Trivially, and I expect this is the case1, the effects of string interning for a particular implementation are being observed.
That is, all string values (not String Objects) from literals can be trivially interned into a pool such that implIdentityEq("foo", "foo") is true - that is, there need only one string object. Such interning can be done after constant folding, such that "f" + "oo" -> "foo" - again, per a particular implementation as long as it upholds the ECMAScript semantics.
If such interning is done, then for implStringEq the first check could be to evaluate implIdentityEq(x,y) and, if true, the comparison is trivially-true and performed in O(1). If false, then a normal string character-wise comparison would need to be done which is O(min(n,m)).
(Immediate falseness can also be determined with x.length != y.length, but that seems less relevant here.)
1 While in the above I argue for string interning being a likely cause, modern JavaScript implementations perform a lot of optimizations - as such, interning is only a small part of the various optimizations and code hoistings that can (and are) done!
I've created an "intern breaker" jsperf. The numbers agree with the hypothesis presented above.
If a string is interned then comparison is approximate in performance to testing for "identity" - while it is slower than a numeric comparison, this is still much faster than a character-by-character string comparison.
Holding the above assertion, IE10 does not appear to consider object-identity for pass-fast string comparisons although it does use a fast-fail length check.
In Chrome and Firefox, two intern'ed strings which are not equal are also compared as quickly as two that are - there is likely a special case for comparing between two different interned strings.
Even for small strings (length = 8), interning can be much faster. IE10 again shows it doesn't have this "optimization" even though it appears to have an efficient string comparison implementation.
The string comparison can fail as soon as the first different character is encountered: even comparing long strings of equal length might only compare the first few characters.
Do common JavaScript implementations use string interning? (but no references given)
Yes. In general any literal string, identifier, or other constant string in JS source is interned. However implementation details (exactly what is interned for instance) varies, as well as when the interning occurs
See JS_InternString (FF does have string interning, although where/how the strings are implicitly interened from JavaScript, I know not)

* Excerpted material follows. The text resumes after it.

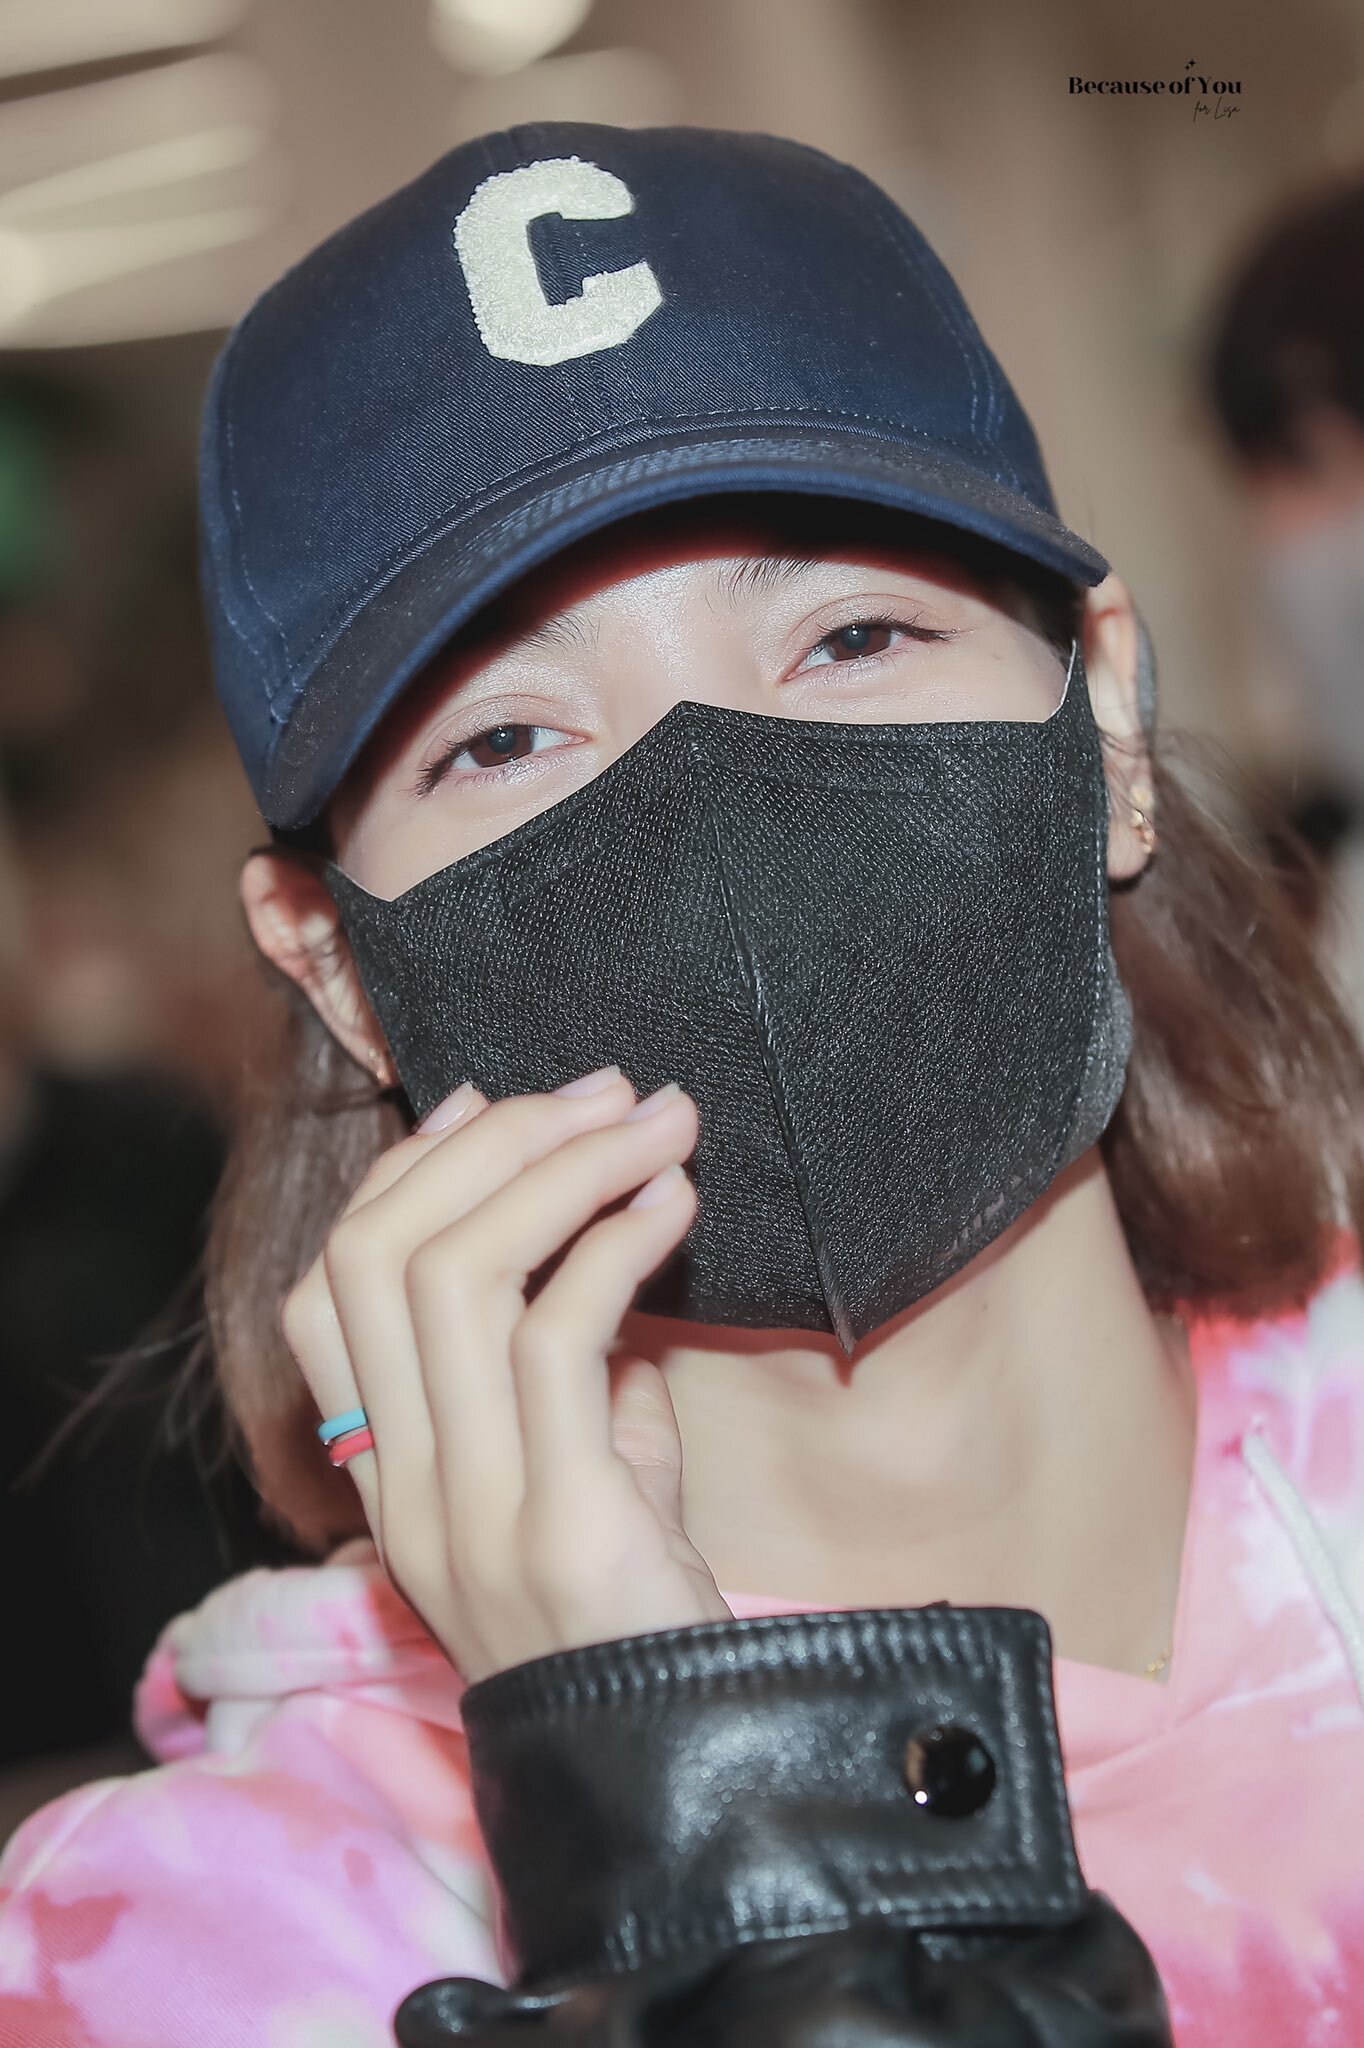 211018 BLACKPINK Lisa at Incheon International Airport

There are cases when string comparison can be much slower (comparing dynamically generated strings)
The following is 77% slower (in chrome and IE) than all the other tests
var StringEarth = 'Ear' + 'th';
for (var i = 0; i < ITERATIONS; i++) {
x = StringPlanets.Venus === StringEarth;
}
The flaw in the tests mentioned in the question is the fact that we are testing against literal strings. It seems that JavaScript is optimized so that string comparison for string literals is done just by testing a pointer. This can be observed by creating the strings dynamically. My best guess is that strings from the literal string pool are marked so that they can be compared using addresses only.
Note that string comparison seems just as fast in FF even for dynamic strings. Also, that it's just as slow for even literal strings.
Conclusion All browsers behave differently so string comparison may or may not be slower.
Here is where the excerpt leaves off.